- Recorded data -
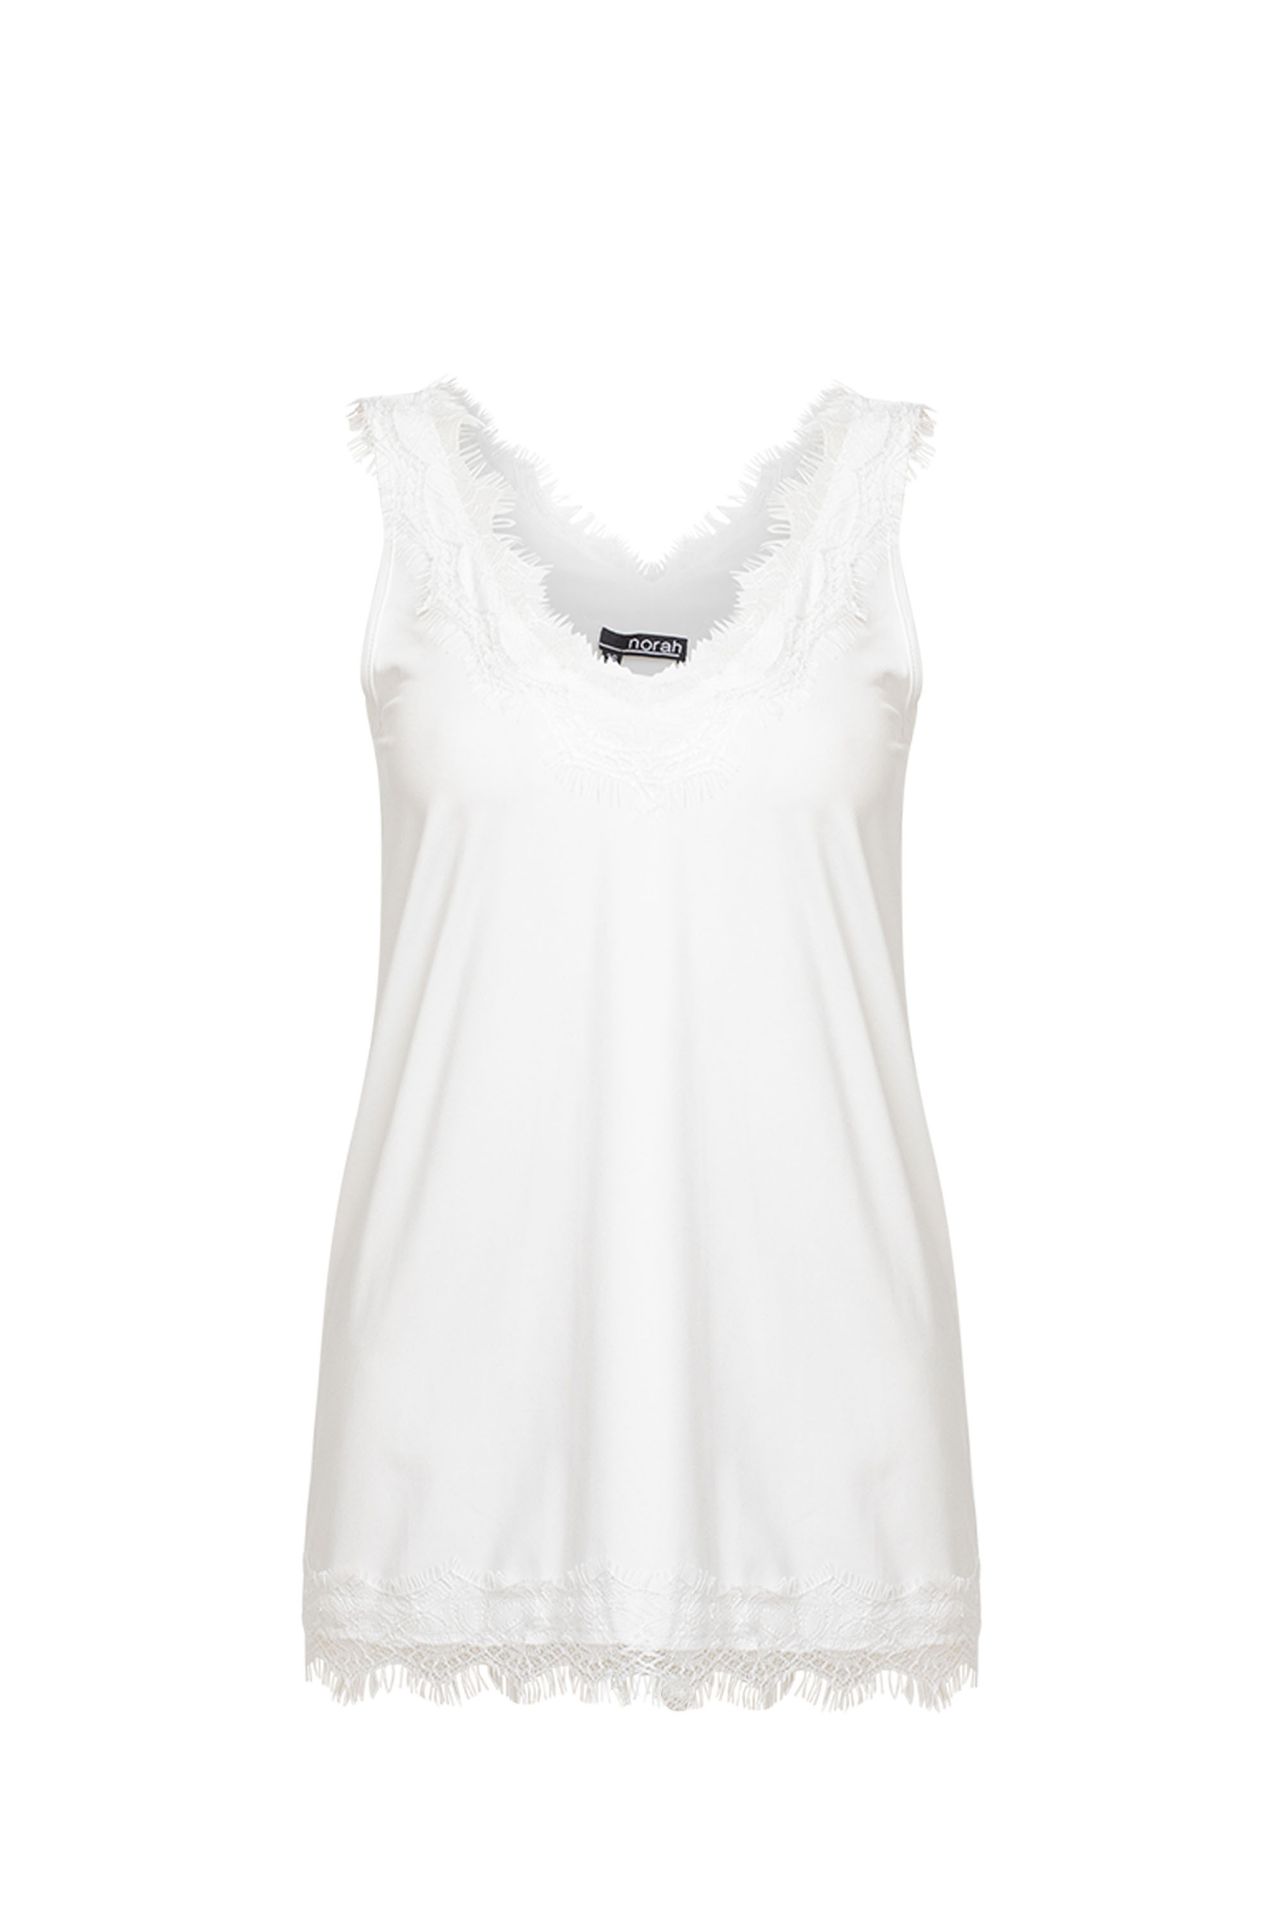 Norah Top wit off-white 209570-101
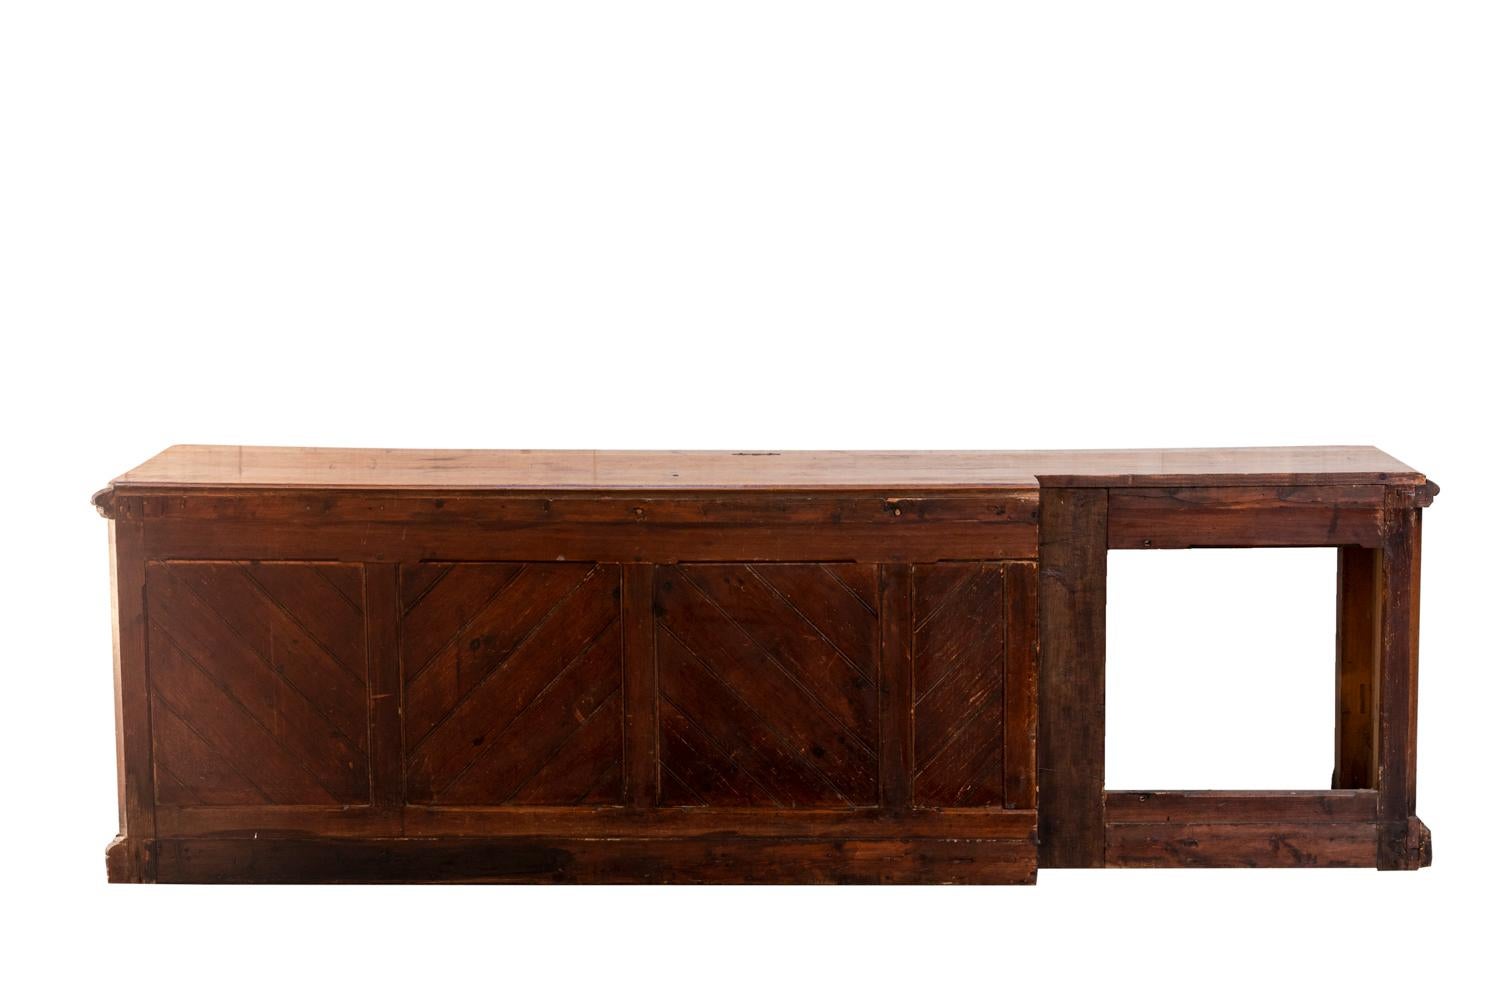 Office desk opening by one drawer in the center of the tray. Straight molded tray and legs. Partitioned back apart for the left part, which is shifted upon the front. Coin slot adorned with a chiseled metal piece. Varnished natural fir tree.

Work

- Problem requirements -
Exclude all pictures and return precisely the lines from the one containing "Office desk opening" through the closing line of the data.

- Exercise answer -
 Office desk opening by one drawer in the center of the tray. Straight molded tray and legs. Partitioned back apart for the left part, which is shifted upon the front. Coin slot adorned with a chiseled metal piece. Varnished natural fir tree.

Work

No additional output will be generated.